**`Data Pulled at 11:00am 1.8.25 Comparing Those Present In Fall 2024 With Those Enrolled in Spring 2025`**

# Comparing Enrollment Of Previous Semester With Current Semester

The main barometer of the successful efforts of the academic advising staff is whether *current* students reenroll for the next semester. Marketing and admissions are typically responsible for recruitment efforts. While this is not true at all Higher Ed institutions, it is true at most. Academic Advisors are responsible for making sure students understand school policies, are enrolled in the appropriate classes for their major, are taking courses in a strategic manner so as to knock out prerequisite courses first, and to help students learn how to balance personal, professional, and collegiate obligations. Typically, advisors do not have any direct impact on intake of *new students*. Since this is the case, I wrote the following algorithm to sort through students who were enrolled in the previous semester and compare them against the students who are enrolled in the current semester. When I first wrote the algorithm several years ago, I quickly realized that we needed to be clear about which students we were reaching out to for enrollment in the current semester from the previous semester. 

**Eligible Students**

I realized that we needed to be clear about who the *eligible* students from the previous semester was. If I was not clear with that in my report to the Director of Advising and the VP of Enrollment Management, it would incorrectly communicate we had, say, 2700 students from one semester who had not enrolled when in reality we only 1500 *eligible* students who had not enrolled. There are some students who should not be in our list of *eligible* students. 

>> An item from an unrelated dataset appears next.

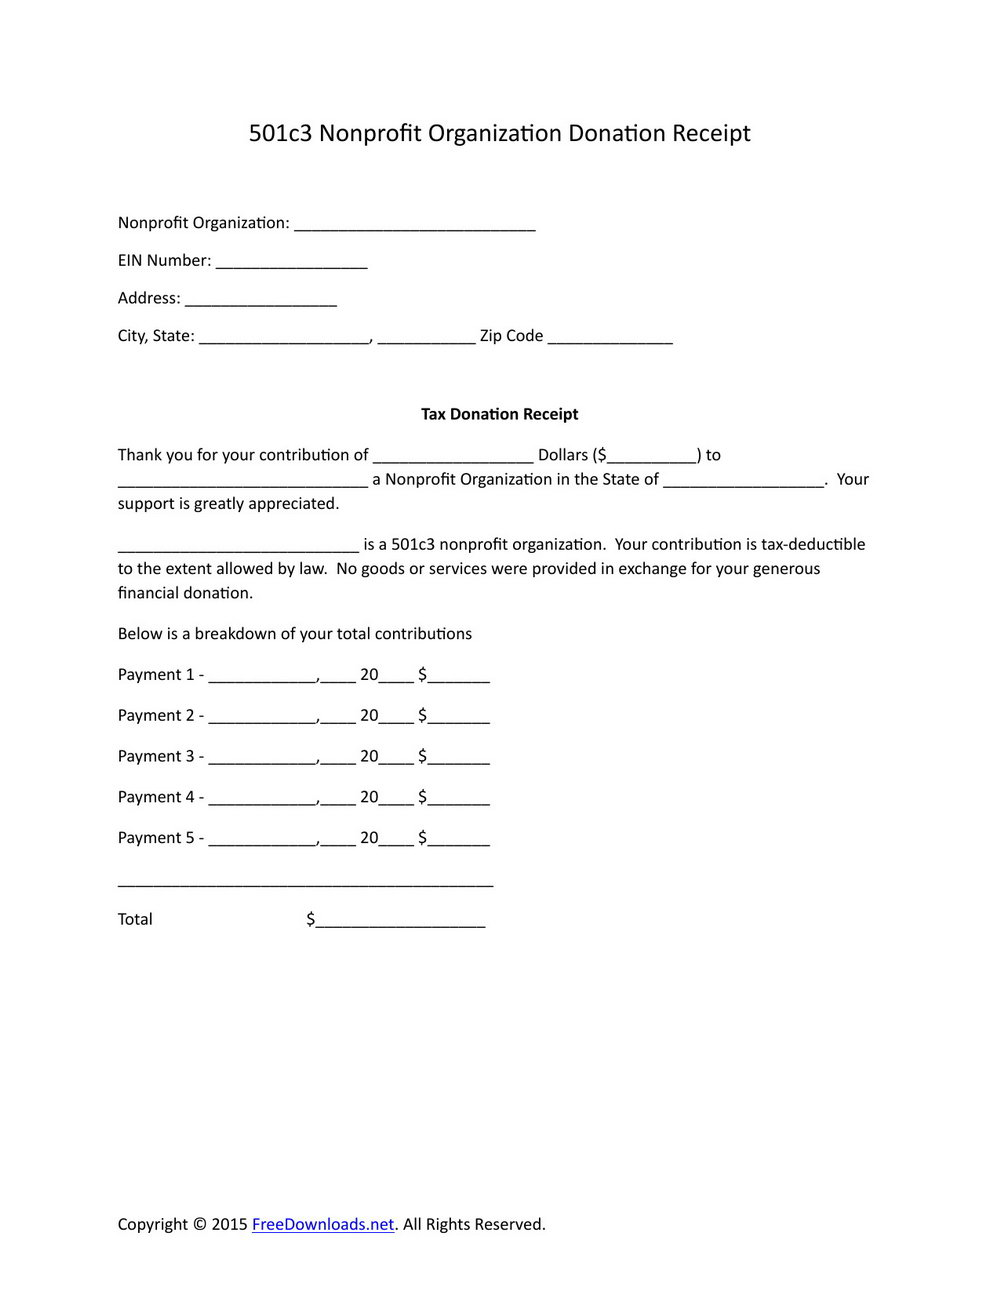 Non Profit Organization Donation Receipt Template
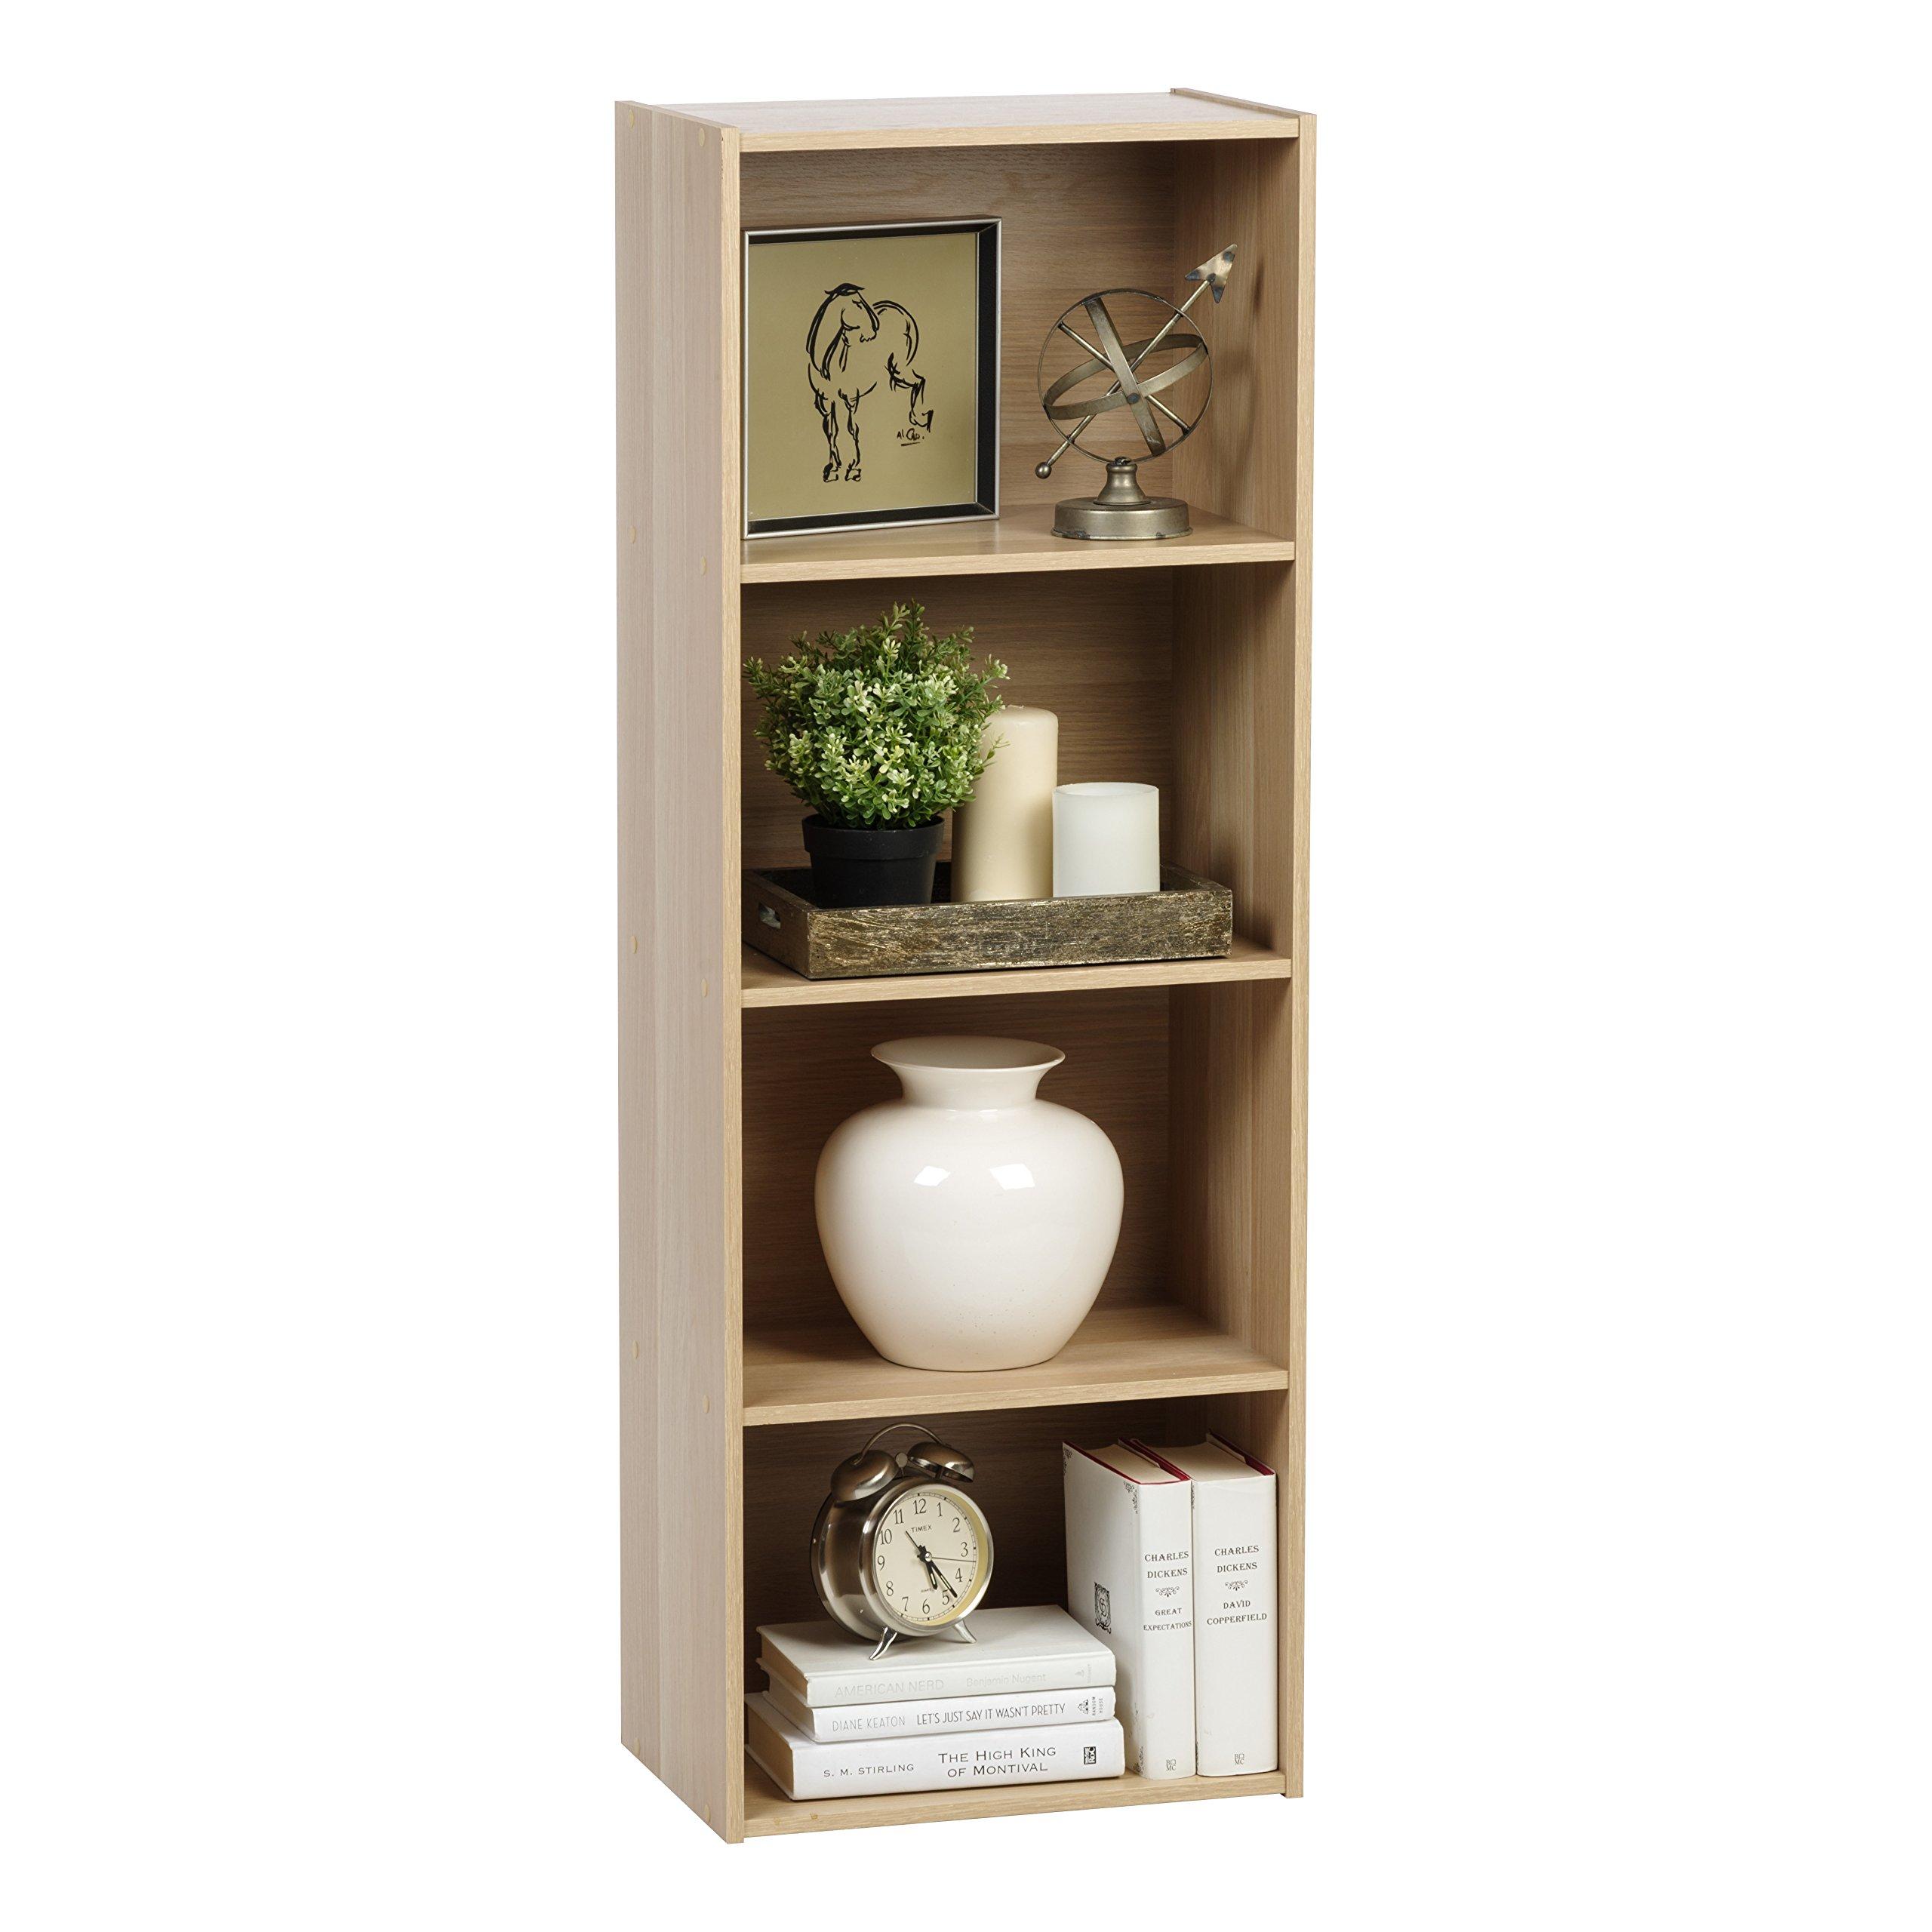 IRIS 4-Tier Wood Storage Shelf, Light Brown

First, many colleges have an office that exclusively works with high school students--an office of High School Partnerships. Since there is an office that carries out that task, then high school students should be removed from the list because the academic advising staff is not responsible for those students. Every college also has a specific set of advisors who work with International Students. Given the myriad of laws these advisors are aware of and most follow, the general advising staff does not reach out to these students or have interaction with them. Therefore, international students are taken out of the mix. Every semester, some students graduate. These students, most of the time, are not continuing with the college. Therefore, to make sure that the outreach efforts reflect these students' accomplishments and graduation, they are removed from the eligible students who could enroll in the current semester. Finally, sometimes there are holds on students' accounts that prevent them from enrolling in the current semester--AR holds, Academic Suspension, TB Test Holds, and VP of Student Services holds. These students are also removed from the eligible students. 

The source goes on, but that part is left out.